Python hangs silently on large file write

I am trying to write a big list of numpy nd_arrays to disk.
The list is ~50000 elements long
Each element is a nd_array of size (~2048,2) of ints. The arrays have different shapes.
The method I am (curently) using is
#staticmethod
def _write_with_yaml(path, obj):
with io.open(path, 'w+', encoding='utf8') as outfile:
yaml.dump(obj, outfile, default_flow_style=False, allow_unicode=True)
I have also tried pickle which also give the same problem:
On small lists (~3400 long), this works fine, finishes fast enough (<30 sec).
On ~6000 long lists, this finishes after ~2 minutes.
When the list gets larger, the process seems not to do anything. No change in RAM or disk activity.
I stopped waiting after 30 minutes.
After force stopping the process, the file suddenly became of significant size (~600MB).
I can't know if it finished writing or not.
What is the correct way to write such large lists, know if he write succeeded, and, if possible, knowing when the write/read is going to finish?
How can I debug what's happening when the process seems to hang?
I prefer not to break and assemble the lists manually in my code, I expect the serialization libraries to be able to do that for me.

For the code
import numpy as np
import yaml
x = []
for i in range(0,50000):
x.append(np.random.rand(2048,2))
print("Arrays generated")
with open("t.yaml", 'w+', encoding='utf8') as outfile:
yaml.dump(x, outfile, default_flow_style=False, allow_unicode=True)
on my system (MacOSX, i7, 16 GiB RAM, SSD) with Python 3.7 and PyYAML 3.13 the finish time is 61min. During the save the python process occupied around 5 GBytes of memory and final file size is 2 GBytes. This also shows the overhead of the file format: as the size of the data is 50k * 2048 * 2 * 8 (the size of a float is generally 64 bits in python) = 1562 MBytes, means yaml is around 1.3 times worse (and serialisation/deserialisation is also taking time).
To answer your questions:
There is no correct or incorrect way. To have a progress update and
estimation of finishing time is not easy (ex: other tasks might
interfere with the estimation, resources like memory could be used
up, etc.). You can rely on a library that supports that or implement
something yourself (as the other answer suggested)
Not sure "debug" is the correct term, as in practice it might be that the process just slow. Doing a performance analysis is not easy, especially if
using multiple/different libraries. What I would start with is clear
requirements: what do you want from the file saved? Do they need to
be yaml? Saving 50k arrays as yaml does not seem the best solution
if you care about performance. Should you ask yourself first "which is the best format for what I want?" (but you did not give details so can't say...)
Edit: if you want something just fast, use pickle. The code:
import numpy as np
import yaml
import pickle
x = []
for i in range(0,50000):
x.append(np.random.rand(2048,2))
print("Arrays generated")
pickle.dump( x, open( "t.yaml", "wb" ) )
finishes in 9 seconds, and generates a file of 1.5GBytes (no overhead). Of course pickle format should be used in very different circumstances than yaml...
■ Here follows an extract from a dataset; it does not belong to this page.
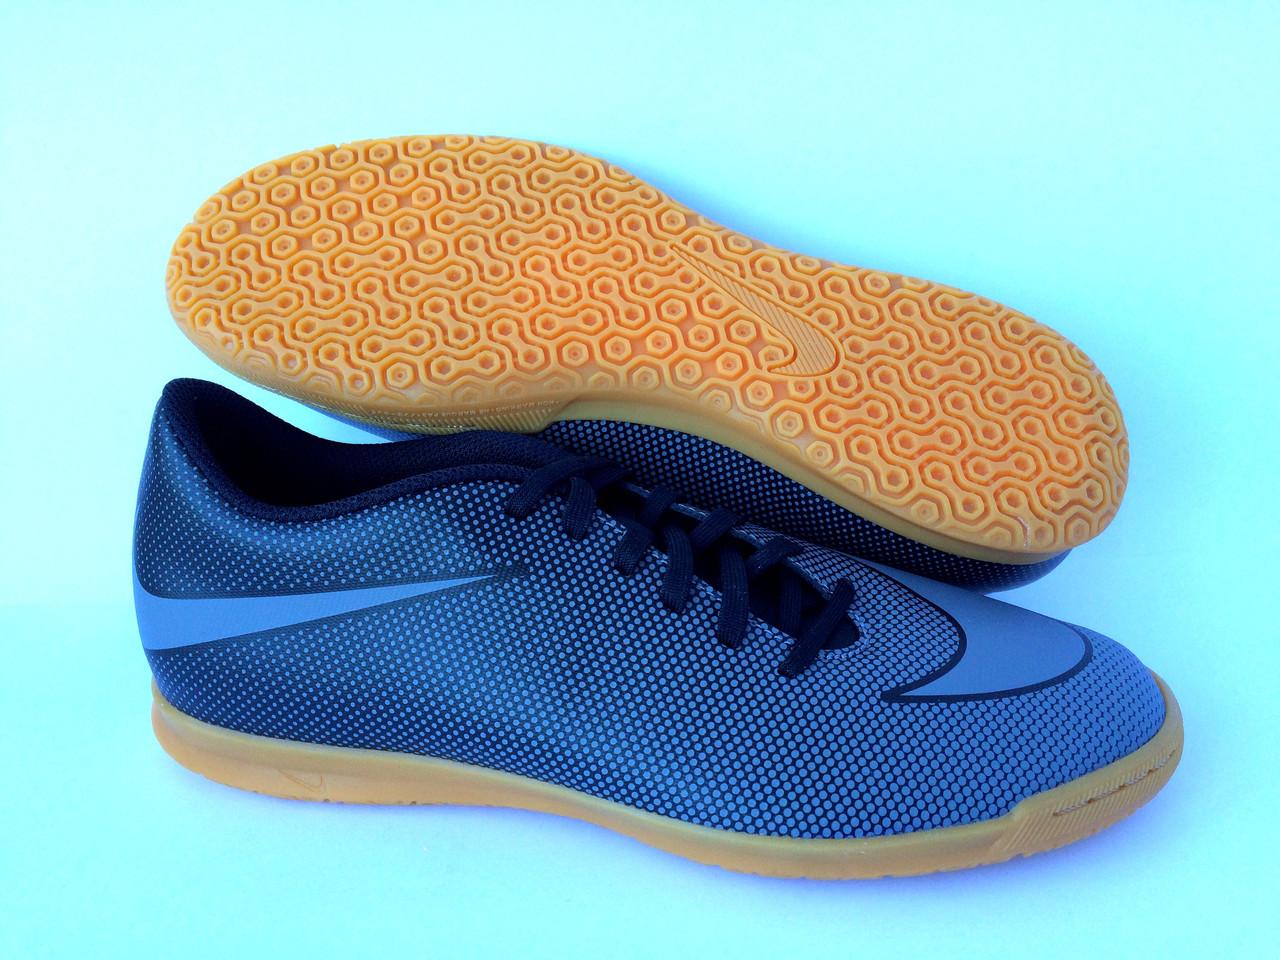 Мужские бампы Nike Mercurial Victory р-44  продажа, цена в Ивано ... d2bd6ef40f8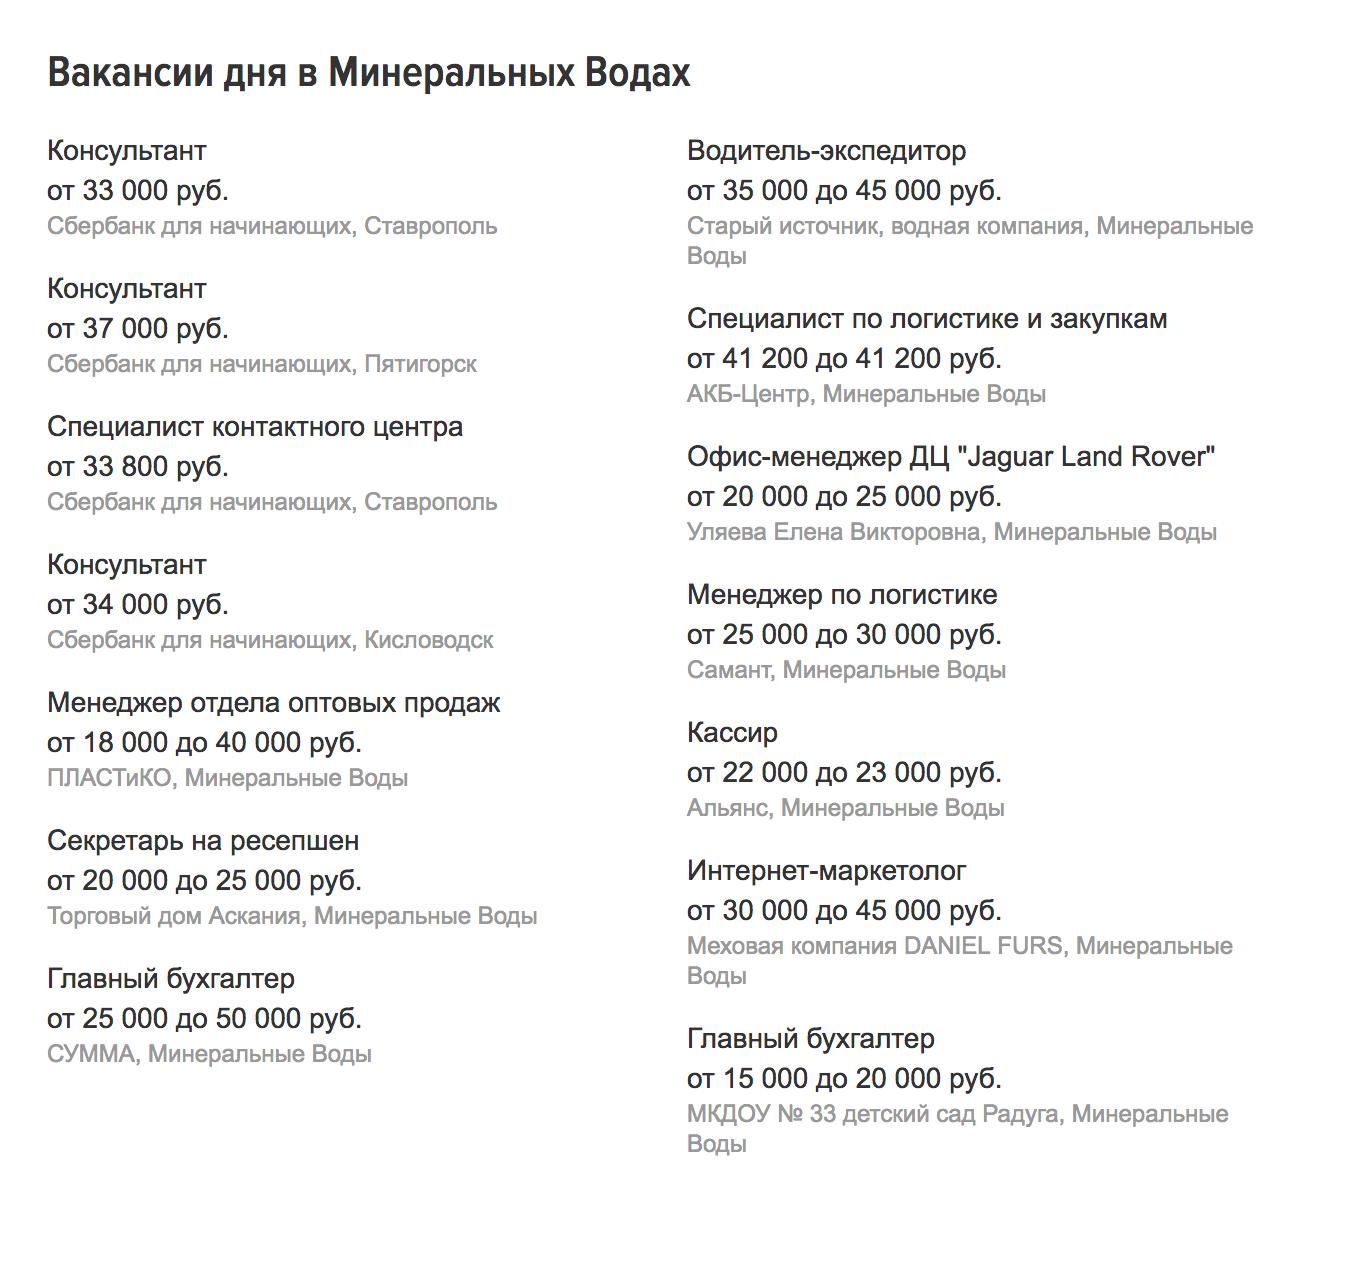 Вакансии в Минеральных Водах в январе 2019 года. Преподаватель английского получает от 20 до 30 тысяч рублей, заведующий гаражом — от 30 до 46 тысяч

I cant say this is the answer, but it may be it.
When I was working on app that required fast cycles, I found out that something in the code is very slow. It was opening / closing yaml files.
It was solved by using JSON.
Dont use YAML for anything else than as some kind of config you dont open often.
Solution to your array saving:
np.save(path,array) # path = path+name+'.npy'
If you really need to save a list of arrays, I recommend you to save list with array paths(array themselfs you will save on disk with np.save). Saving python objects on disk is not really what you want. What you want is to save numpy arrays with np.save
Complete solution(Saving example):
for array_index in range(len(list_of_arrays)):
np.save(array_index+'.npy',list_of_arrays[array_index])
# path = array_index+'.npy'
Complete solution(Loading example):
list_of_array_paths = ['1.npy','2.npy']
list_of_arrays = []
for array_path in list_of_array_paths:
list_of_arrays.append(np.load(array_path))
Further advice:
Python cant really handle large arrays. Moreover if you have loaded several of them in the list. From the point of speed and memory, always work with one,two arrays at a time. The rest must be waiting on the disk. So instead of object reference, have reference as a path and when needed, load it from disk.
Also, you said you dont want to assemble the list manually.
Possible solution, which I dont advice, but is possibly exactly what you are looking for
>>> a = np.zeros(shape = [10,5,3])
>>> b = np.zeros(shape = [7,7,9])
>>> c = [a,b]
>>> np.save('data.npy',c)
>>> d = np.load('data.npy')
>>> d.shape
(2,)
>>> type(d)
<type 'numpy.ndarray'>
>>> d.shape
(2,)
>>> d[0].shape
(10, 5, 3)
>>>
I believe I dont need to comment above mentioned code. However, after loading back, you will lose list as the list will be transformed into numpy array.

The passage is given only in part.